INVENTUM SARL – Data Protection and Privacy Policy (GDPR)

Purpose of this Policy

This policy demonstrates INVENTUM SARL's commitment to respecting and complying with the rules governing the protection of personal data, particularly those set forth by the General Data Protection Regulation (GDPR). It serves to inform our clients, partners, and stakeholders about how and why we collect, process, and safeguard personal data in the course of providing our services.

Who is this policy for?

This GDPR policy applies to all individuals who interact with INVENTUM SARL, including our clients, potential clients, partners (such as business introducers), job applicants, and any other parties engaging with us.

Why do we process your data?

As part of our service offering, we may process your personal data for the following reasons, based on the legal grounds detailed below:

To provide our services: We process your data to fulfill our contractual obligations, such as accounting, tax, and compliance services, in accordance with the terms set forth by the Luxembourg Order of Chartered Accountants.
For newsletters and updates: With your consent, we process your data to send you updates and relevant information about our services.
For recruitment: We process candidate data as part of our hiring procedures.
To ensure security and compliance: We process data based on legal obligations (such as anti-money laundering and counter-terrorism financing rules) and our legitimate interest in safeguarding our operations.

What data do we process and how long do we keep it?

Here is a summary of the categories of personal data we process and the applicable retention periods. For more details, you can contact us at info@inventum.lu.

Category of Data	Retention Period
Identification and contact details of individual clients, directors/managers, shareholders, and beneficial owners of client companies (e.g., name, date and place of birth, personal address, tax ID)	Retained for the duration of the business relationship and five additional years thereafter for compliance with anti-money laundering and counter-terrorism laws
Job application data (CV, cover letter)	Retained for the duration of the recruitment process, then for two months unless consent for longer retention is obtained. After that, data is deleted unless you request its return in writing.
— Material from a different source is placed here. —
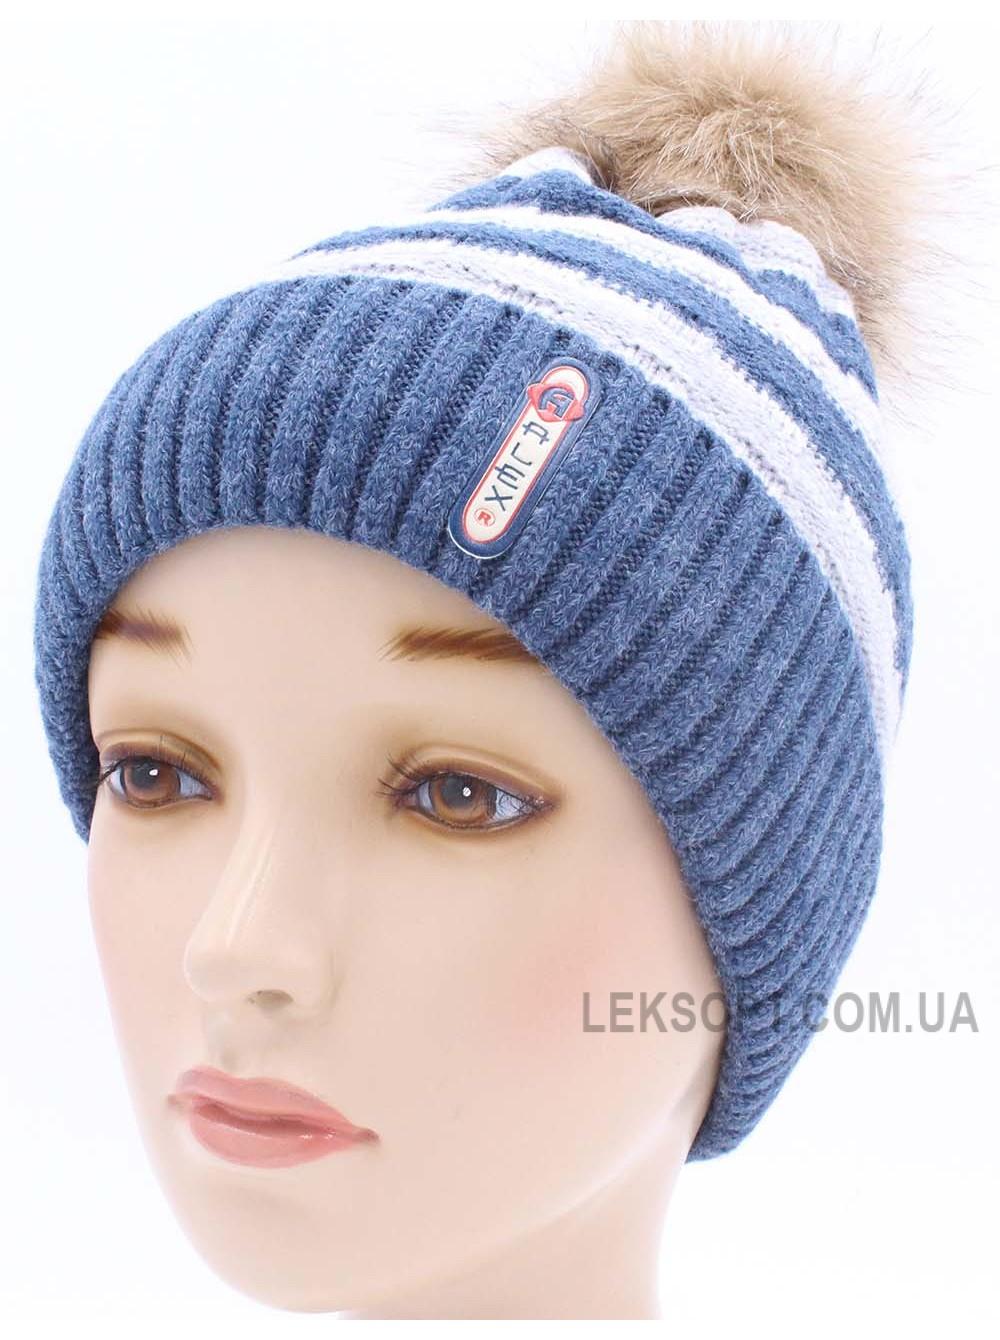 Детская вязаная шапка Рокки D41927-50-54

Your Rights Over Your Data

Under data protection regulations, you have specific rights that you can exercise at any time, free of charge:

•Right of access and copy of your personal data, subject to confidentiality, business secrecy, and professional privilege.
•Right to rectify inaccurate, outdated, or incomplete data.
•Right to object to the processing of your data (INVENTUM SARL does not engage in commercial prospecting).
•Right to erasure ('right to be forgotten') for data that is not essential for service provision.
•Right to restrict processing in cases of dispute over the legitimacy of processing.
•Right to data portability to retrieve and transfer your data in a structured format.
•Right to define instructions for the handling of your data in the event of death via a trusted person or directly by you.

Who can access your data?

Your data is only shared with authorized personnel strictly necessary to perform the services of INVENTUM SARL. This may include our employees, partners, or subcontractors, subject to your consent where applicable.

We may also share your data with public and judicial authorities when required by law.

How do we protect your data?

We implement robust technical and organizational measures to protect your data from unauthorized access, loss, alteration, or disclosure. Security is a core priority in all our processes.

Do we transfer your data outside the EU?

As a rule, your data remains within the European Union. Any exceptional and strictly necessary transfers outside the EU are subject to stringent safeguards, ensuring the protection and confidentiality of your data, in compliance with GDPR standards.

Cookies Policy – How we use Cookies and Tracking Technologies

INVENTUM SARL uses cookies and similar technologies to enhance your experience on our website and provide tailored services. Cookies may be used for:

Essential functionality and navigation
Performance analytics (e.g., Google Analytics) to improve our services
Personalization and content optimization
Security and fraud prevention

You can manage your cookie preferences at any time through your browser settings or our cookie consent banner. Non-essential cookies are only activated with your explicit consent.

Who to contact for more information?

Our Data Protection Officer (DPO) is available to provide further details and address any questions at info@inventum.lu.

Contacting the Luxembourg CNPD

For matters related to data protection, you can contact the Luxembourg National Commission for Data Protection (CNPD) at:

CNPD

15, Boulevard du Jazz

L-4370 Belvaux, Luxembourg

Tel: (+352) 26 10 60 - 1

Updates to this policy

We may revise this policy at any time to reflect legal changes or the introduction of new services. Please consult the latest version available on our website or upon request.